**INSTRUCTIONS TO FOLLOW**. An unchanged copy of all the lines below is expected, and it should contain no pictures.

**SOURCE DATA**.
+-------+

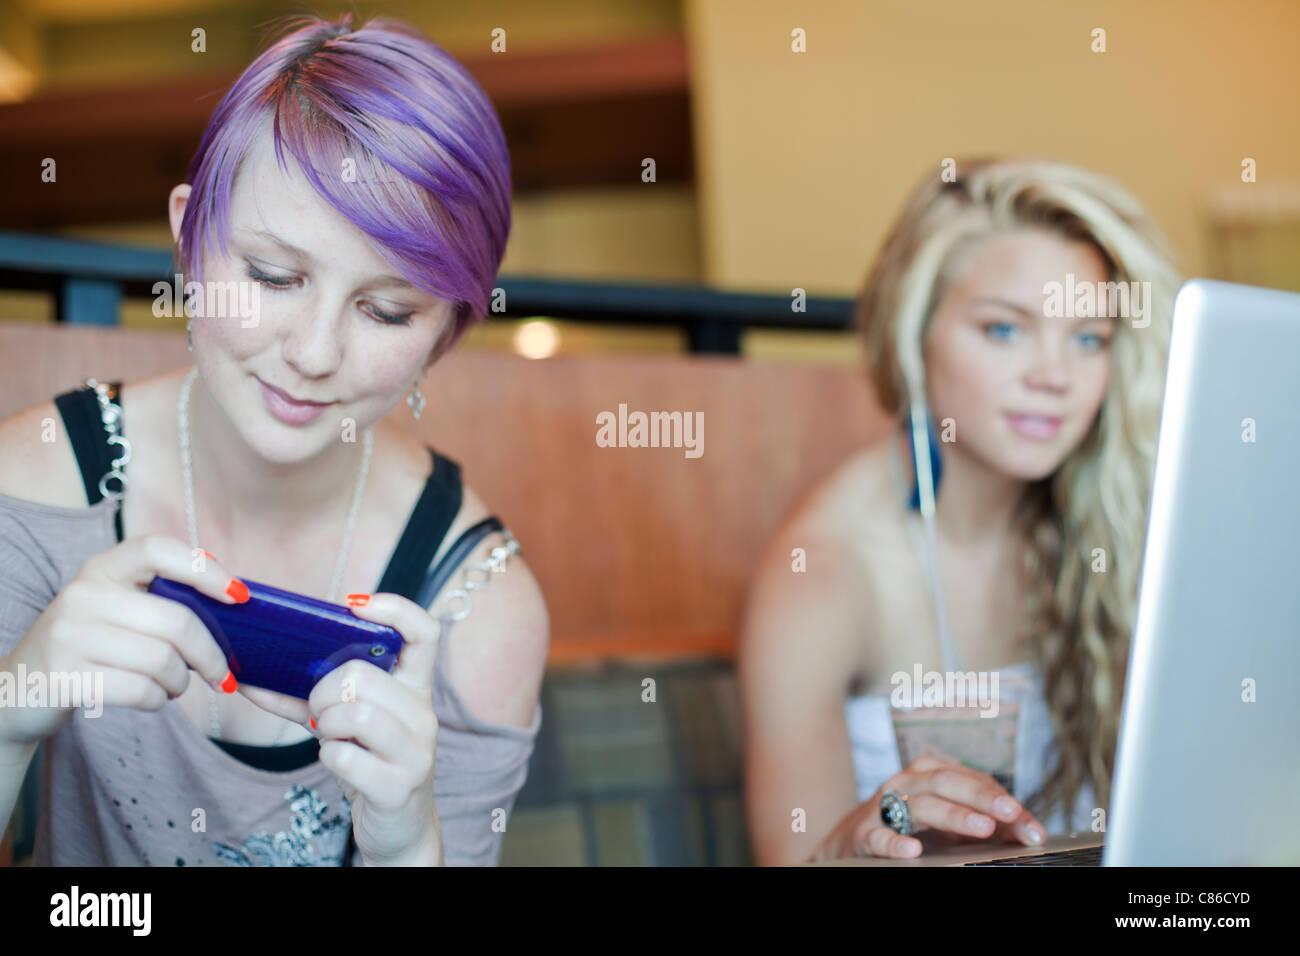 Dos chicas adolescentes en coffee house en portátiles y teléfonos inteligentes. Imagen De Stock
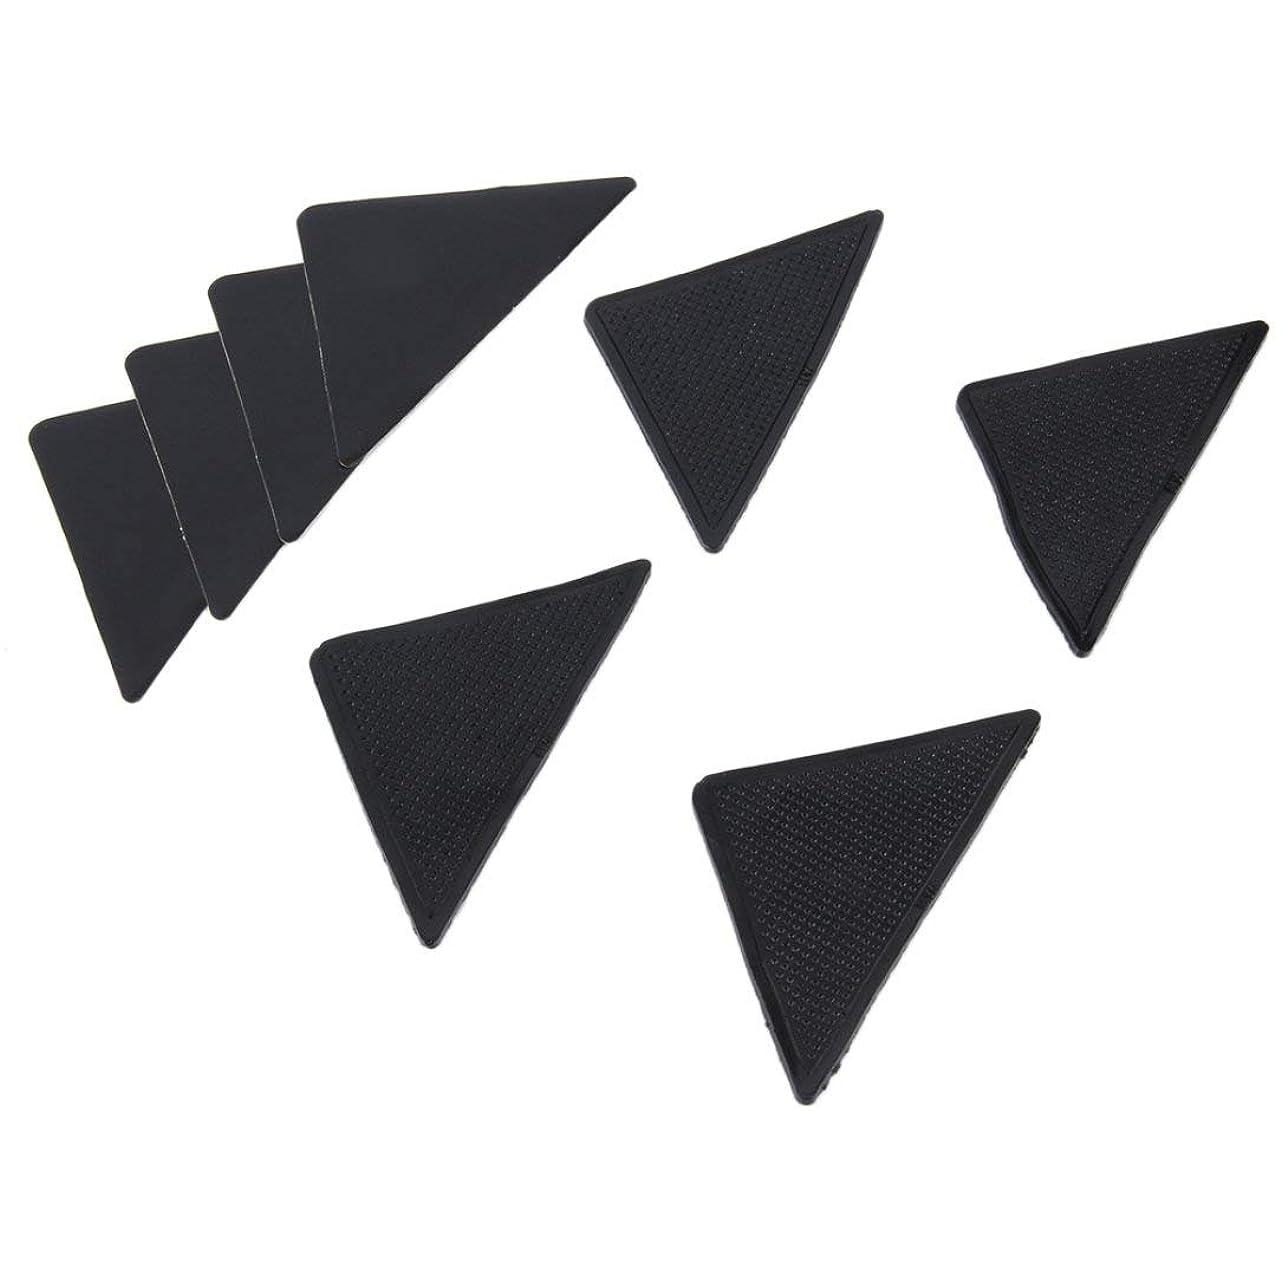 虚栄心教えテラスSwiftgood 4個の敷物のカーペットのマットのグリッパーの非スリップの反スキッドの再使用可能なシリコーンのグリップパッド
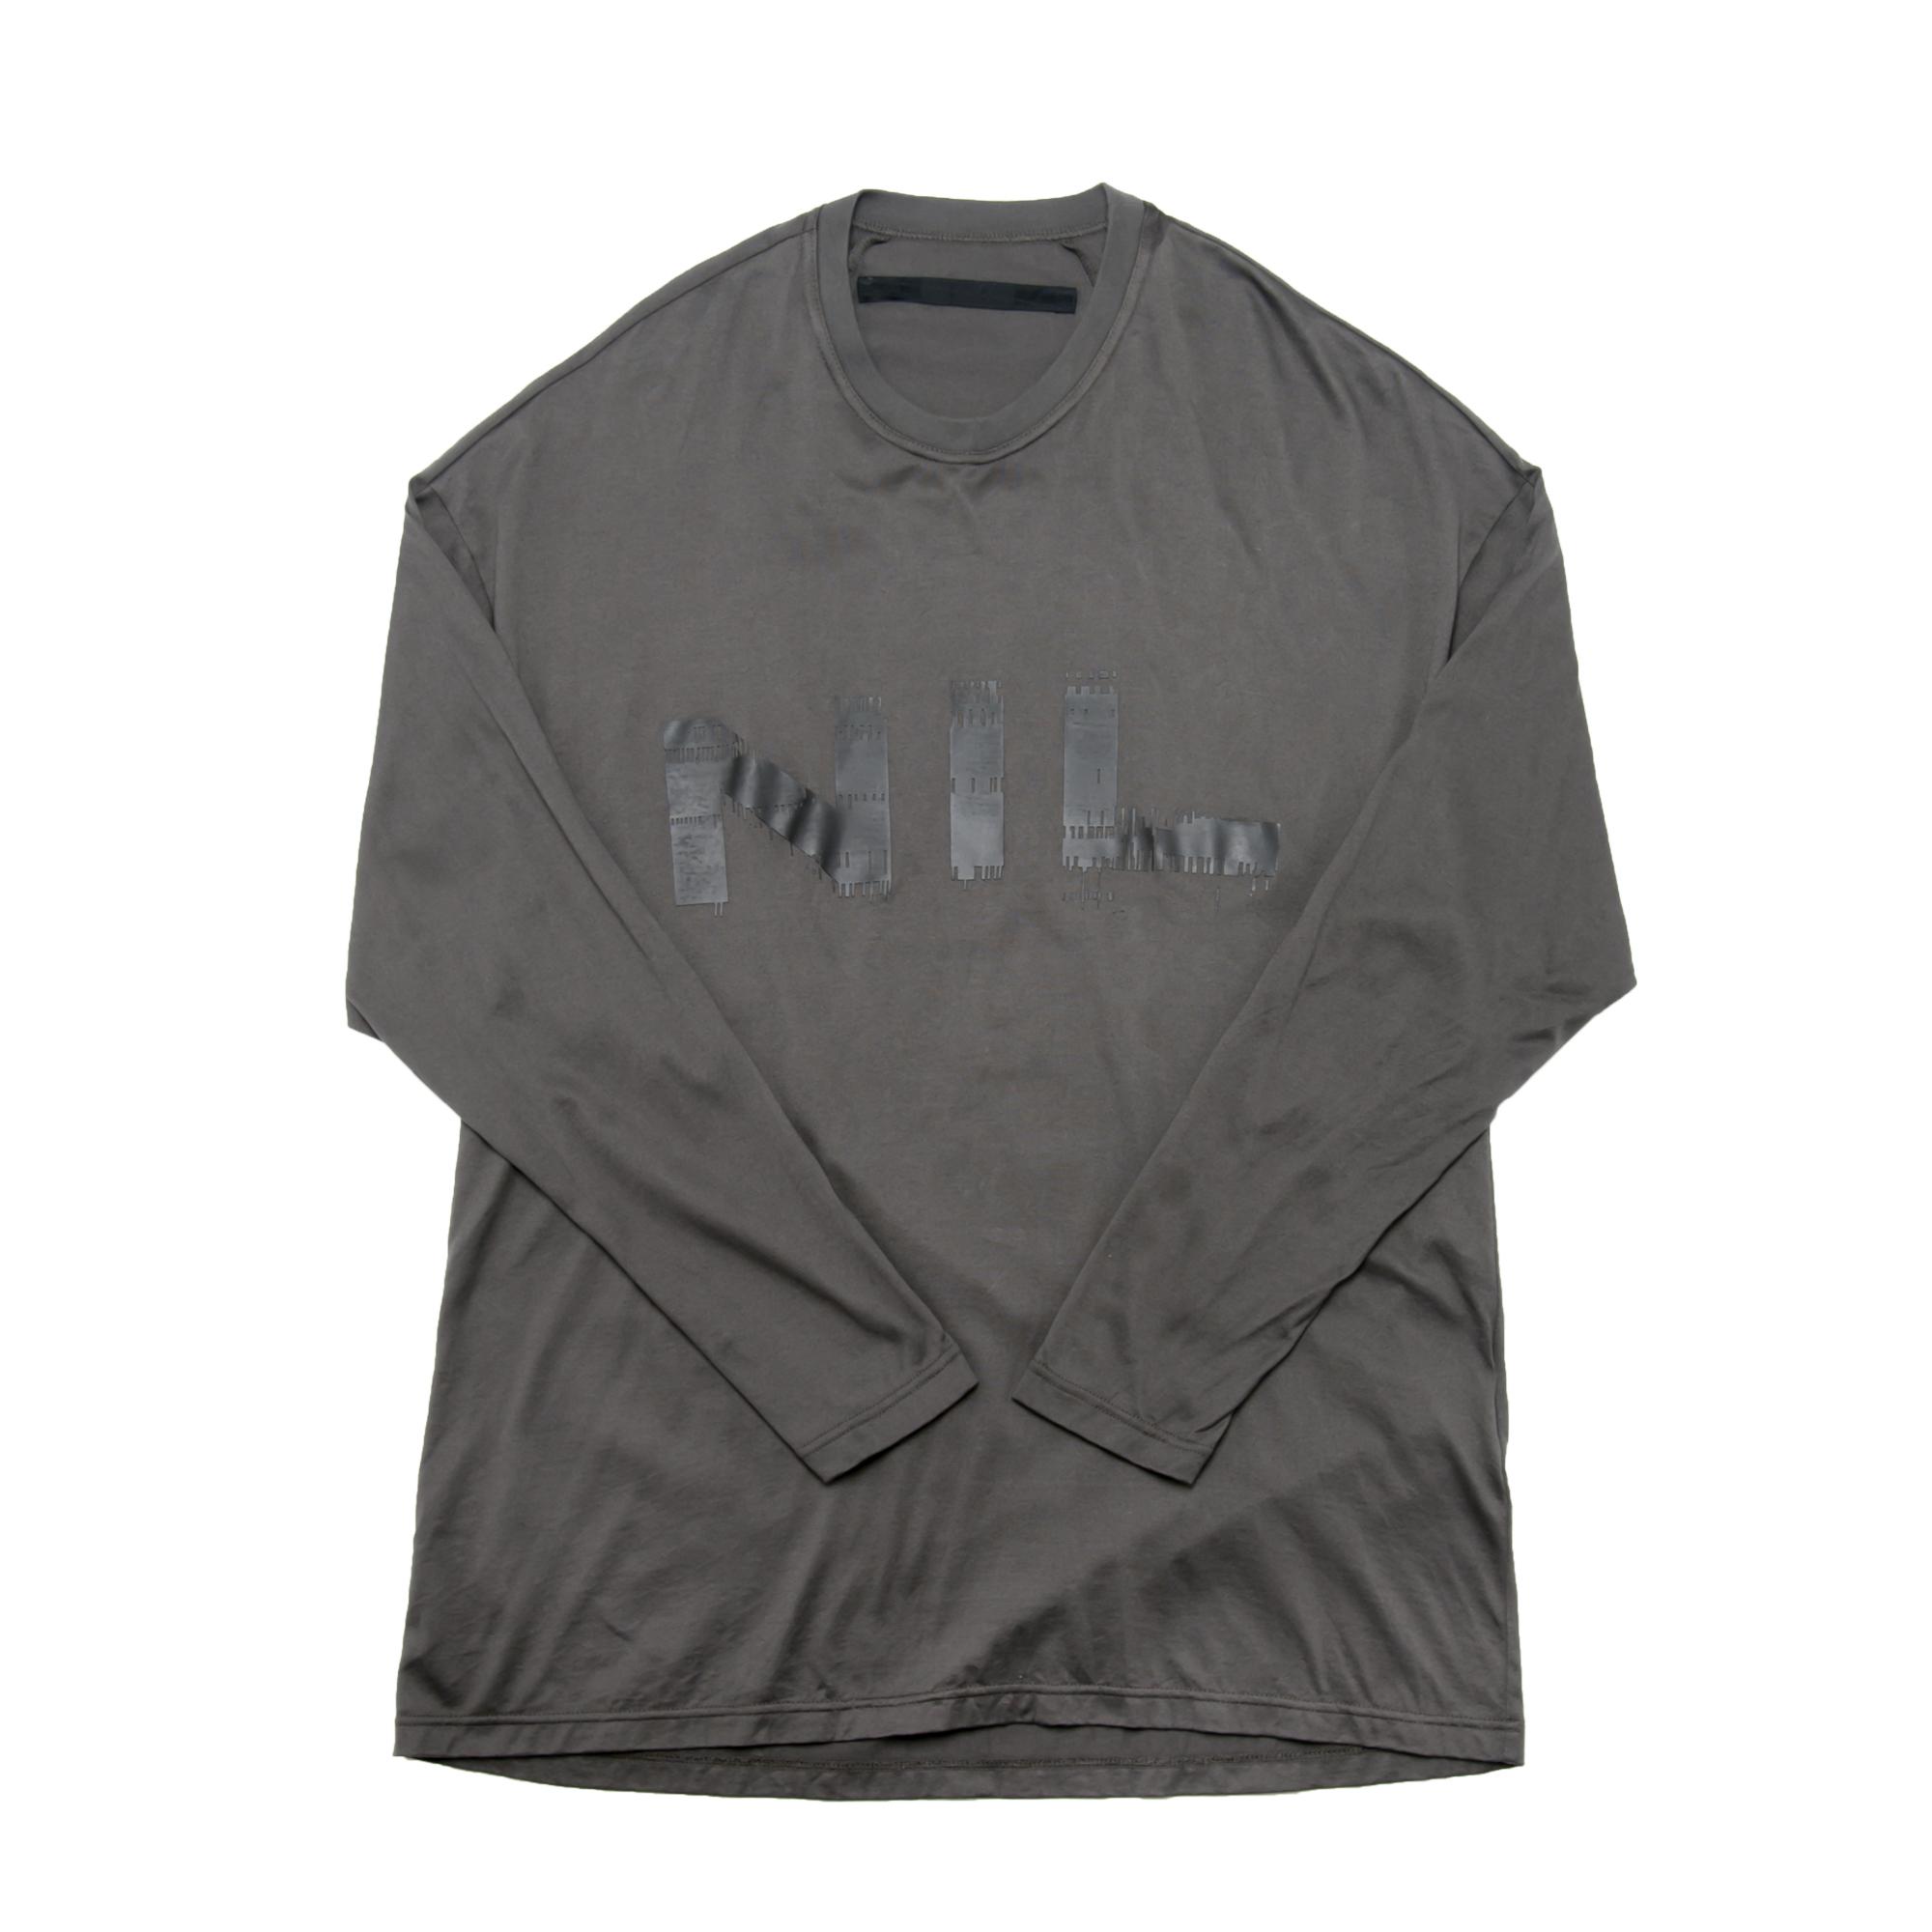 680CPM11-DARK GRAY / NIL ロングスリーブシャツ
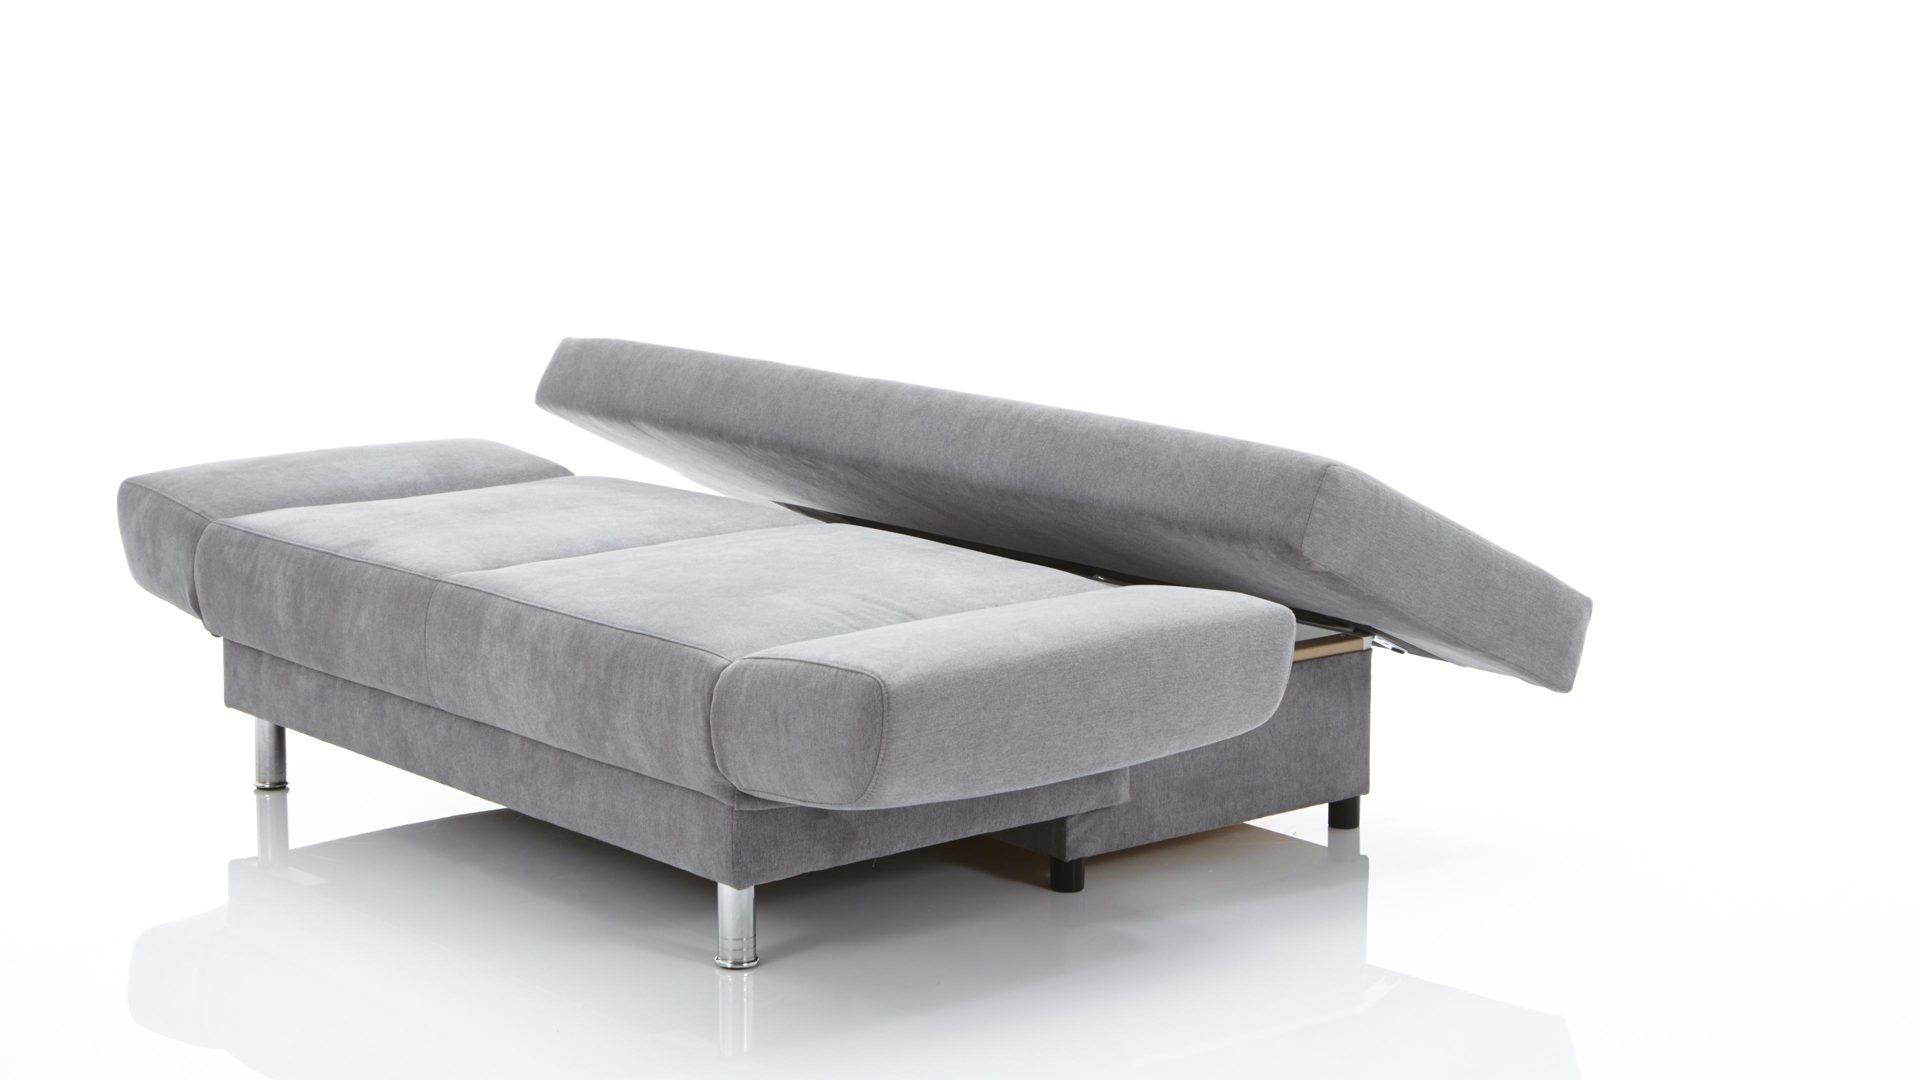 Schlafcouch mit bettkasten günstig kaufen  Trop Möbelabholmarkt GmbH | Möbel A-Z | Couches + Sofas ...

+-------+

**TASK SOLUTION**.
 Dos chicas adolescentes en coffee house en portátiles y teléfonos inteligentes. Imagen De Stock
 虚栄心教えテラスSwiftgood 4個の敷物のカーペットのマットのグリッパーの非スリップの反スキッドの再使用可能なシリコーンのグリップパッド
 680CPM11-DARK GRAY / NIL ロングスリーブシャツ
 Schlafcouch mit bettkasten günstig kaufen  Trop Möbelabholmarkt GmbH | Möbel A-Z | Couches + Sofas ...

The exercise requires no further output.